Adding L1 and L2 regularization to the Logistic Regression cost function helps prevent overfitting by penalizing large coefficients. The impact of regularization on the learned models and the β vector depends on the choice of the regularization constant.

**L1 Regularization (Lasso)** :
L1 regularization adds the sum of the absolute values of the coefficients to the cost function. This encourages sparsity in the coefficients, as it tends to push some coefficients to zero.
With higher values of the regularization constant (λ), more coefficients are likely to be pushed to zero, resulting in a simpler model with fewer features contributing to the prediction.
The choice of λ balances between model simplicity (higher λ) and fitting the training data well (lower λ).

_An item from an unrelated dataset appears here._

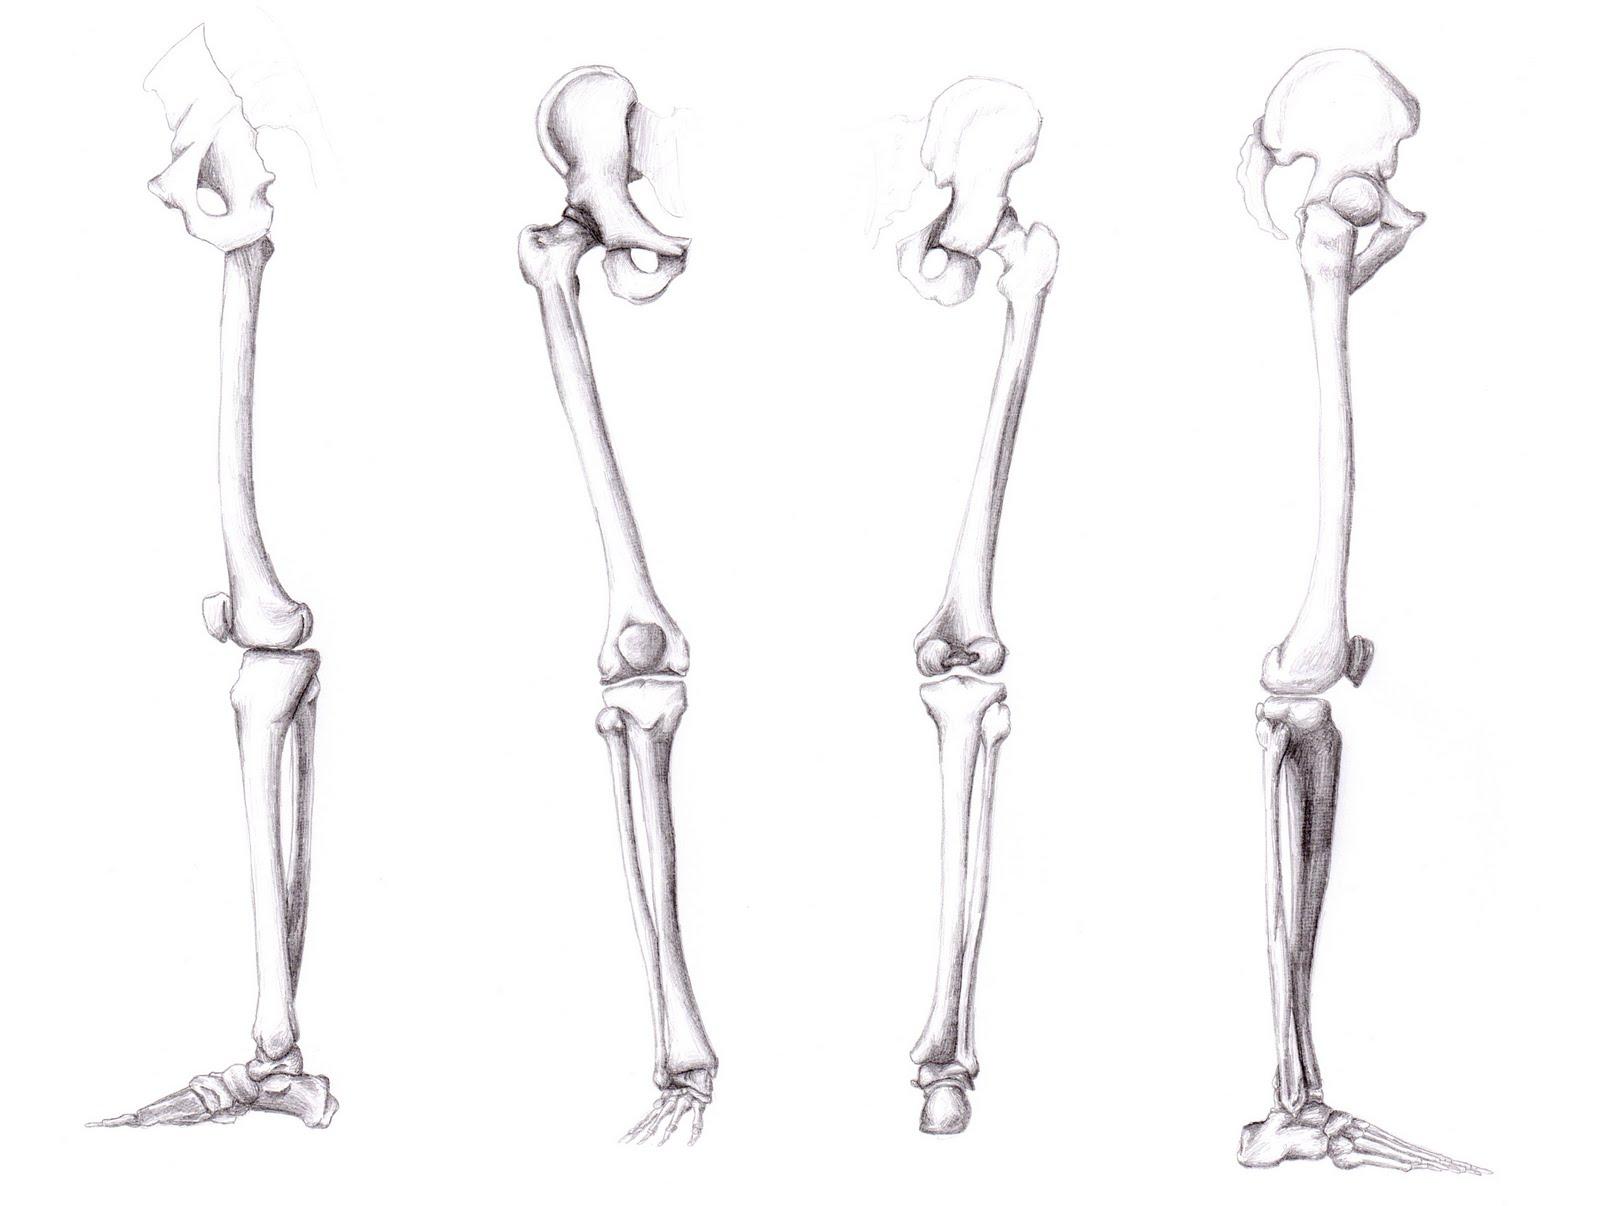 Teliga Osteologia Do Torax E Dos Membros

**L2 Regularization (Ridge)** :

L2 regularization adds the sum of the squared values of the coefficients to the cost function. It penalizes large coefficients but does not usually lead to sparsity in the coefficients. Increasing the regularization constant (λ) shrinks the coefficients towards zero, reducing the impact of individual features on the model's output. L2 regularization tends to distribute the weight more evenly among features compared to L1 regularization.

In [37]:
def logistic_regression_regularized(X, Y, k, t, alpha, reg = "L1"):
    beta = np.random.randn(X.shape[1], 1)
    lambda_reg  = 1
    for i in range(k):
        h = 1 / (1 + np.exp(-np.matmul(X, beta)))
        if reg == "L1":
            cost = np.average(- Y * np.log(h) - (1 - Y) * np.log(1 - h)) + lambda_reg * np.sum(np.abs(beta))
            gradient = np.matmul(X.T, (h - Y)) / len(Y) + lambda_reg * np.sign(beta)
        elif reg == "L2":
            cost = np.average(- Y * np.log(h) - (1 - Y) * np.log(1 - h)) + lambda_reg * np.sum(np.square(beta))
            gradient = np.matmul(X.T, (h - Y)) / len(Y) + lambda_reg * beta
        beta -= alpha * gradient
        new_h =  1 / (1 + np.exp(-np.matmul(X, beta)))
        new_cost = np.average(- Y * np.log(new_h) - (1 - Y) * np.log(1 - new_h))
        if np.abs(new_cost - cost) <= t:
            break
    return beta, new_cost

print("Original parameters : ")
print(f"β :{beta}\n")
print("Learned parameters : ")
(new_beta1, cost1) = logistic_regression_regularized(X, Y, 100000, 0.0001, 0.01, reg="L1")
print(f"β :{new_beta1}\nThe final cost function value is : {cost1}")

Original parameters : 
β :[[ 3.55583661]
 [-3.95697134]
 [ 1.94085857]
 [ 4.99602135]
 [ 0.12338401]
 [ 1.95500641]]

Learned parameters : 
β :[[ 0.00492722]
 [ 0.0005495 ]
 [-0.00795176]
 [-0.00791548]
 [-0.00508957]
 [ 0.0080309 ]]
The final cost function value is : 0.6931830726171009


**The choice of the regularization constant (λ) impacts the β vector learned as follows** :

For both L1 and L2 regularization, smaller values of λ result in less regularization, allowing the model to fit the training data more closely. This can lead to overfitting if λ is too small.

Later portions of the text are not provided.